Just as K-12 assessments are moving away from absolute measures of student achievement and toward so-called “growth models,” leaders of the higher education effort say the aim should not be to measure absolute student performance levels after four years of college — which may only measure the caliber of students a school is able to draw — but to gauge the degree of growth in student skills during their time on campus.  

“We used to hear a lot more of, ‘The value of college can’t be measured,’ and now we hear more of, ‘Let’s talk about how we can measure,’” David Paris, executive director of the New Leadership Alliance for Student Learning and Accountability, tells the New York Times.

The nonprofit New Leadership Alliance, an advocacy group formed by a coalition of high education organizations, issued guidelines in January calling on US colleges and universities to gather data on “evidence of student learning” and publicly release their results.  Yesterday’s Times story reports that more than 1,000 colleges may already be using one of several national assessments that would permit such an evaluation.  

Existing benchmarks for higher education tend to track front-end inputs such as average SAT scores of entering students, or end-of-the-line markers like graduation rates. But these provide no real measure of student learning during the college experience.  The push for such assessment has gained steam from critiques like Academically Adrift: Limited Learning on College Campuses, by Richard Arum and Josipa Roksa, published last year. The book, based on a data from US college students, contends that more than one-third of students make no gains critical thinking skills during four years of college.  

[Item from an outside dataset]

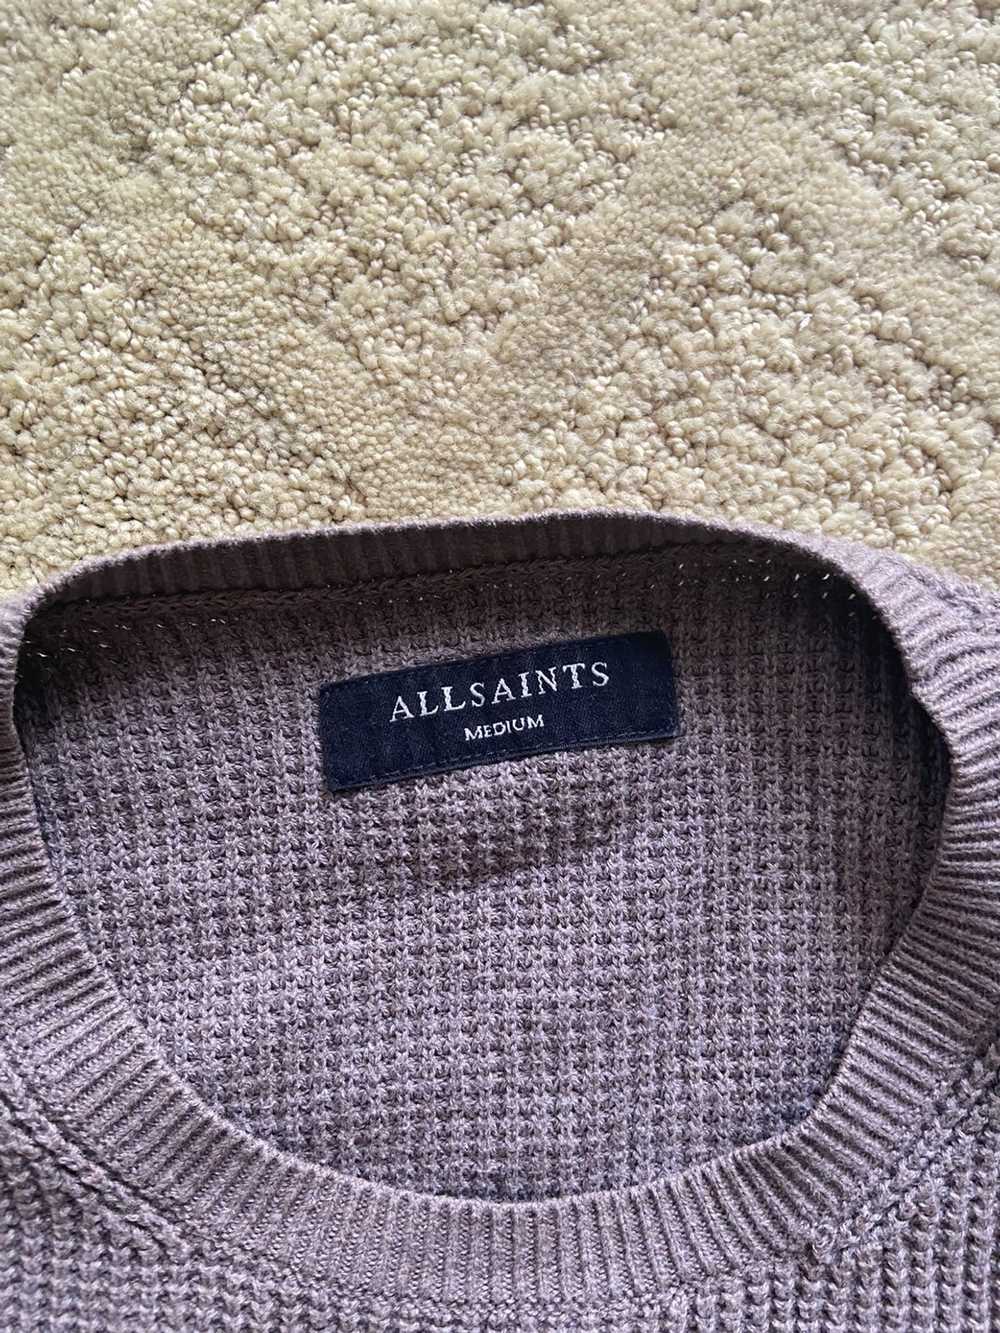 Allsaints Allsaints Knit Sweater - image 2

But measuring such skills isn’t necessarily easy. “I’m not sure any standardized test can effectively measure what students gain in problem-solving, or the ability to work collaboratively,” Alice Gast, president of Lehigh University, told the Times.

The effort is part of a broader call for more accountability in higher education. In Massachusetts, the current focus is the state’s public community college system. A report issued in November by The Boston Foundation calls for more centralized oversight of the 15-campus system in order to ensure that the community colleges are aligning their programs with the workforce needs of the state economy. As with the accountability effort among four-year colleges, the community college report drew pushback from leaders at the state campuses who vow to fight any limits on their autonomy.

But with college graduates swimming in billions of dollars of student debt, including more than 2 million Americans 60 or older who still owe on student loans, the drive to try to determine the tangible gains students get from college is not likely to go away.

                                                                                                                                    –MICHAEL JONAS

BEACON HILL

Although former  treasurer Tim Cahill has said his ramped up spending on lottery ads in 2010 — for which he now faces corruption charges — was an effort to counter damaging Republican Governors Association ads that were threatening lottery sales, the Globe reported yesterday that Cahill maintained at the time that the attacks were having no effect and that lottery sales remained strong. The Beat the Press panel wonders if the media is going soft on Cahill. Banker & Tradesman columnist Scott van Voorhis says the Cahill scandal begs questions about why Massachusetts lets the treasurer, not the governor, run the Lottery. And yet another look at what the person who made all this possible, Martha Coakley, might be up to.

Republican Charlie Baker chats with NECN’s Alison King, and she concludes he wlll run for governor again. (He’s also citing a MassINC report on job losses during the last decade.)

A coalition of labor forces and advocacy groups is pushing to hike the state’s income and capital gains tax rates to offset budget gaps and service cuts. Salem Mayor Kim Driscoll is leading the effort to require online retailers to collect Massachusetts sales tax, the Salem News reports.  The Globe also tees up the online tax effort, which is being driven by brick-and-mortar retailers.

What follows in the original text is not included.